[music].

Dr. Edward J. Bednar: What Fraxel laser is going to do is it's going to inductively stimulate collagen and elastin. It will thicken up the skin. It's going to also provide a little bit more resiliency to the skin, a little bit more elasticity. It'll also clean up some of the pigmentary changes that I've seen. So, it's a very beneficial treatment. We do use a little bit of a topical anesthetic on this to make it more comfortable. There are three settings, a low, medium, and high. This is based on the patient's tolerance.

If you have any trouble at all thing . . . It has a roller tip here, which really basically . . . You can hear the machine. Creates a very nice, even application. It's almost like a feeling of pins and needles as we go across here.
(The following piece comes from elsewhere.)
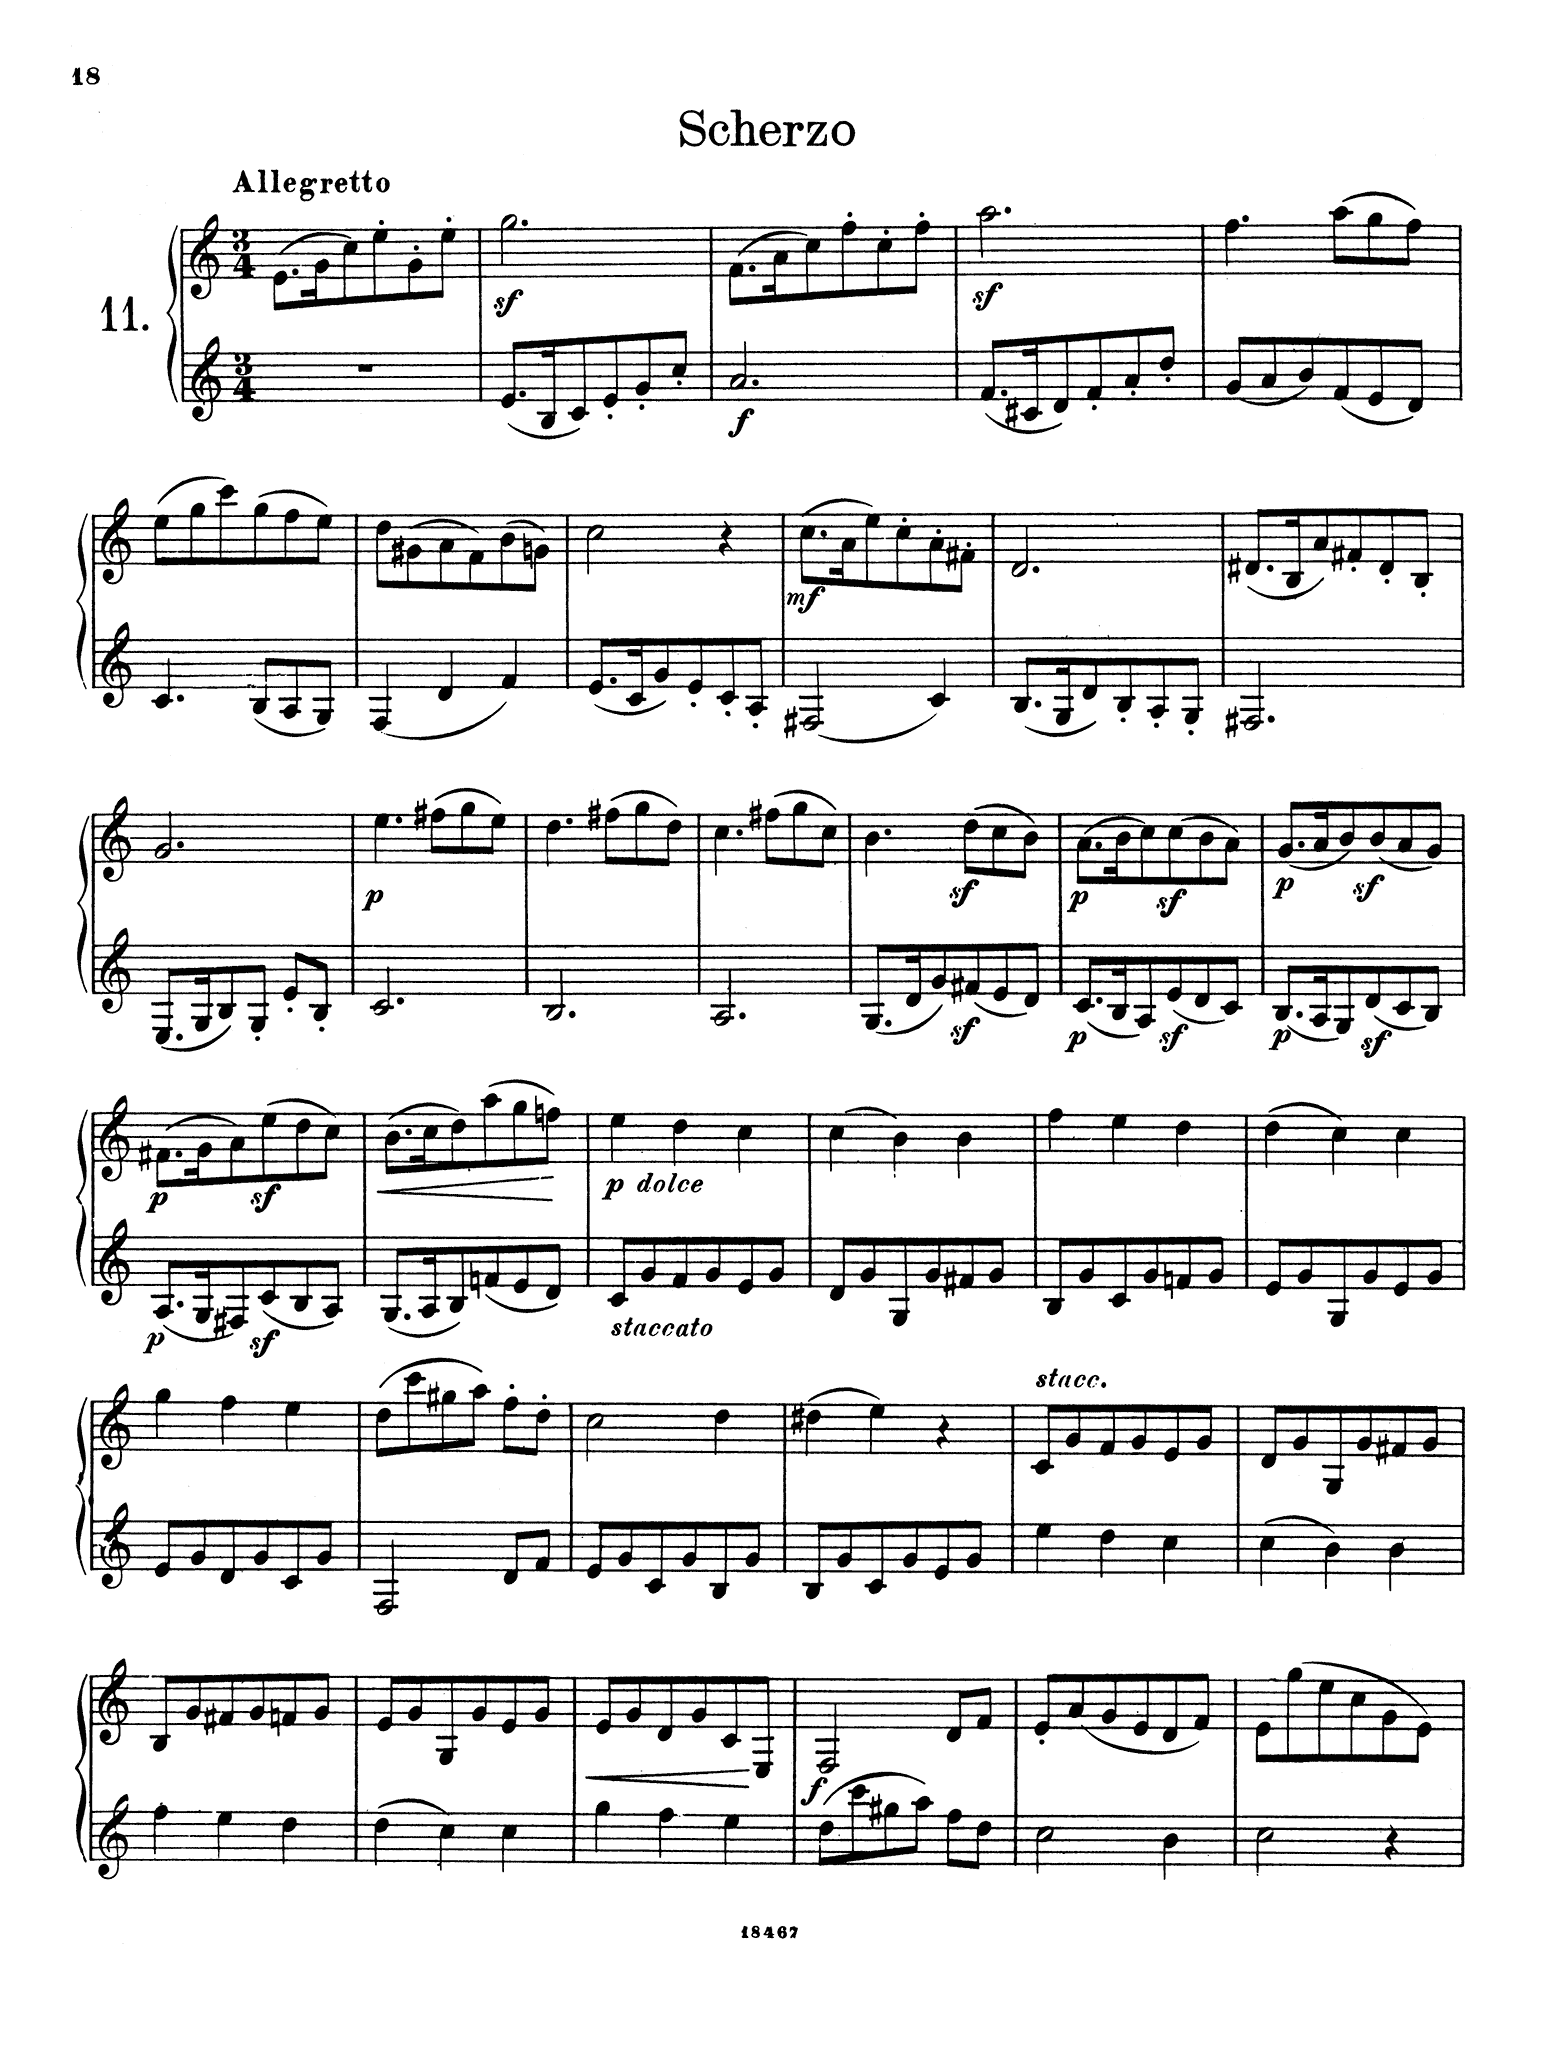 Wiedemann Clarinet Studies, Book 1 page 18

But how's your comfort level, Kelly?

Kelly: It's good.

Dr. Edward J. Bednar: It's good. You have any difficulty at all?

Kelly: No.

Dr. Edward J. Bednar: You may have sensitive area overlying some area of the forehead. You may have a sensitive area, say, in the upper lip. But what we're going to do is essentially . . . From that artistic standpoint, everybody knows my artistic background. I'm treating this very much like a nice little paintbrush, and we're painting the surface of her skin and inducing that collagen and elastin formation.

It's a very safe application. Because this roller tip, the laser will not fire unless it's in contact with the skin, and it only fires in the direction the two contacts of the rollers are. So, there's a safety element in here involved. You don't have the difficulties with areas of overlap. It's a nice, smooth application. As I said, very much like painting.

Now, we go in one direction. We'll work back through the other. This gives us a good coverage. Now, effectively we may be anywhere from 15% to 20% to 25% of the surface of the skin that is being effectively induced through this laser treatment. I kind of liken it to aerating the lawn, this roller bearing kind of aerating along and creating 400 microns depths and levels, the inductive stimulants, to increase that collagen and elastin formation in your skin.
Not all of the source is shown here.